Through July and August 2025, ChatGPT's "Share" feature, combined with a missing noindex directive and an unclear "Make this chat discoverable" toggle, resulted in thousands of shared conversations being indexed by Google search. xAI's Grok had a parallel incident in August 2025 in which over 370,000 conversations were similarly exposed. Both products subsequently removed the discoverability path. Neither violated a written contractual commitment, but both made layer-1 commitments meaningless for the affected users.

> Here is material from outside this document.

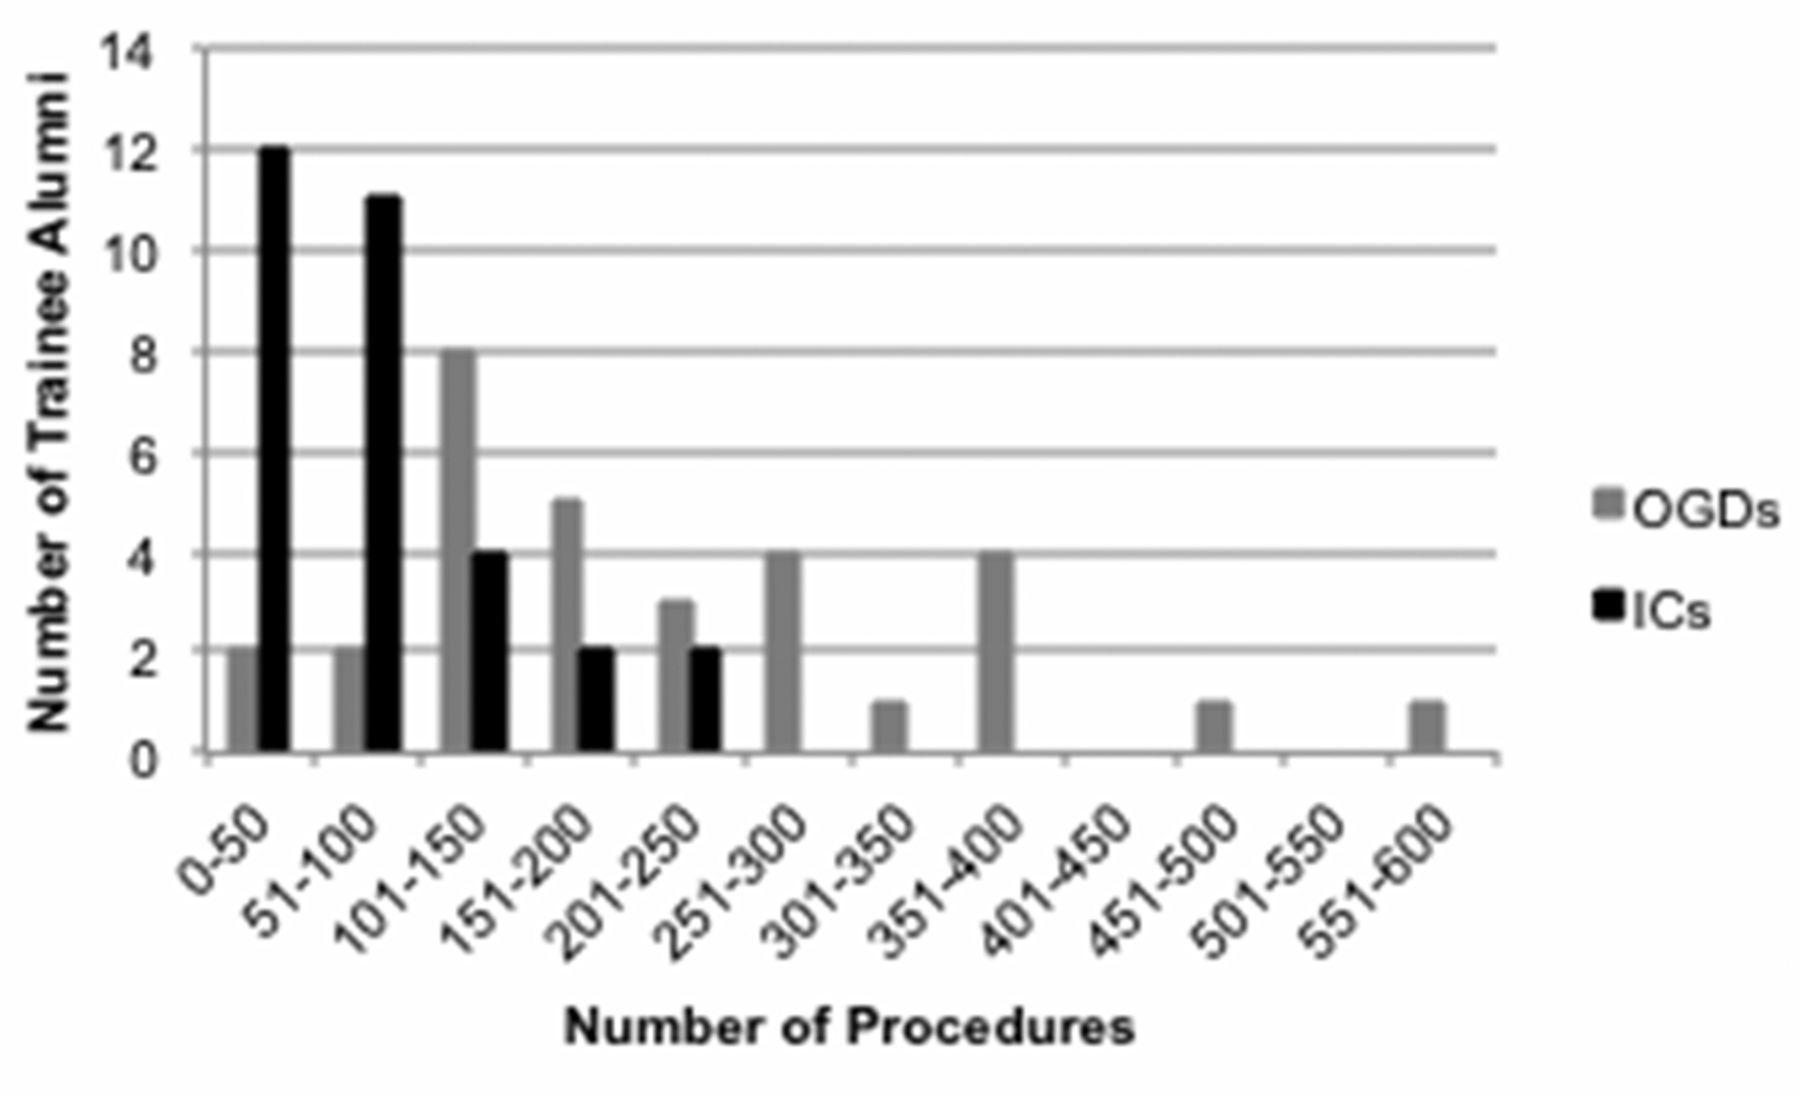 Evaluation of a European-wide survey on paediatric endoscopy
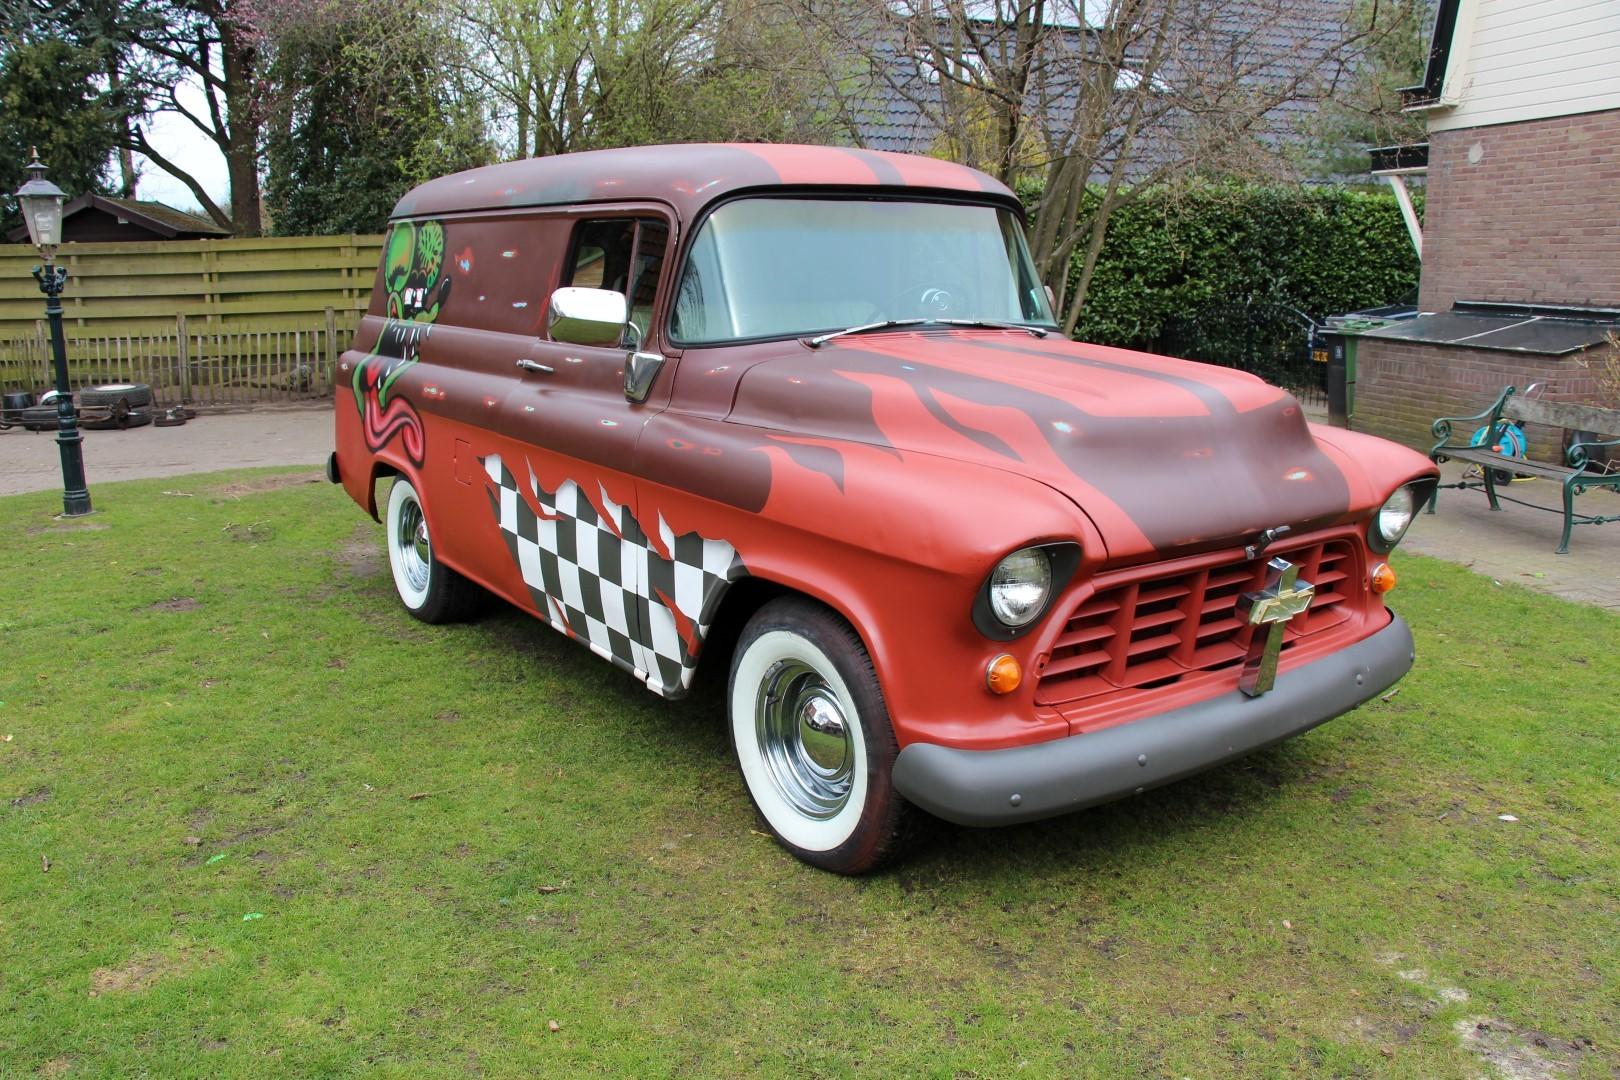 1956 Chevy Panelvan Rat Rod Speed Monkey Cars 1961 Panel Van 4

Tenable's November 2025 disclosure of seven ChatGPT vulnerabilities included persistent memory exfiltration, where an attacker's instructions, embedded in a document the user asks ChatGPT to summarize, become entries in the user's long-term memory and execute on every subsequent conversation. Check Point Research disclosed a separate channel in February 2026 where a single malicious prompt could turn a ChatGPT conversation into a covert data exfiltration channel via DNS tunneling out of the code-execution sandbox. OpenAI patched this, but the pattern across both to take note of is that the agentic features that make consumer AI useful, like memory, code execution, web browsing, and file uploads also create channels by which contractual privacy commitments are bypassed without the provider violating them.

Basically, an opt-out only buys "your prompts won't train the next model." It's silent on every other failure mode a user might reasonably worry about.

What this piece doesn't settle

Advertising. Every prerequisite for deeply embedded ad-supported consumer AI is in place. Persistent memory is on by default at every major provider, and now in OpenAI's case reading through to connected Gmail. The historical pattern at consumer platforms is that this is only a matter of time.

Will the security of layer-3 architectures expand beyond Apple? Apple's posture in this category was earned by an Apple Silicon design decision that predates the consumer AI market. Will OpenAI, Anthropic, Google, Microsoft, or Meta ship comparable verifiable architecture for their consumer products?

The on-device limit. As long as frontier reasoning requires data-center compute, the strongest available privacy posture (on-device) cannot host the strongest available capabilities. Quantization, distillation, and architectural advances in small models continue to compress the gap on small-model territory, but whether the frontier itself moves into reach of consumer silicon is a much harder question, and current trajectories say no.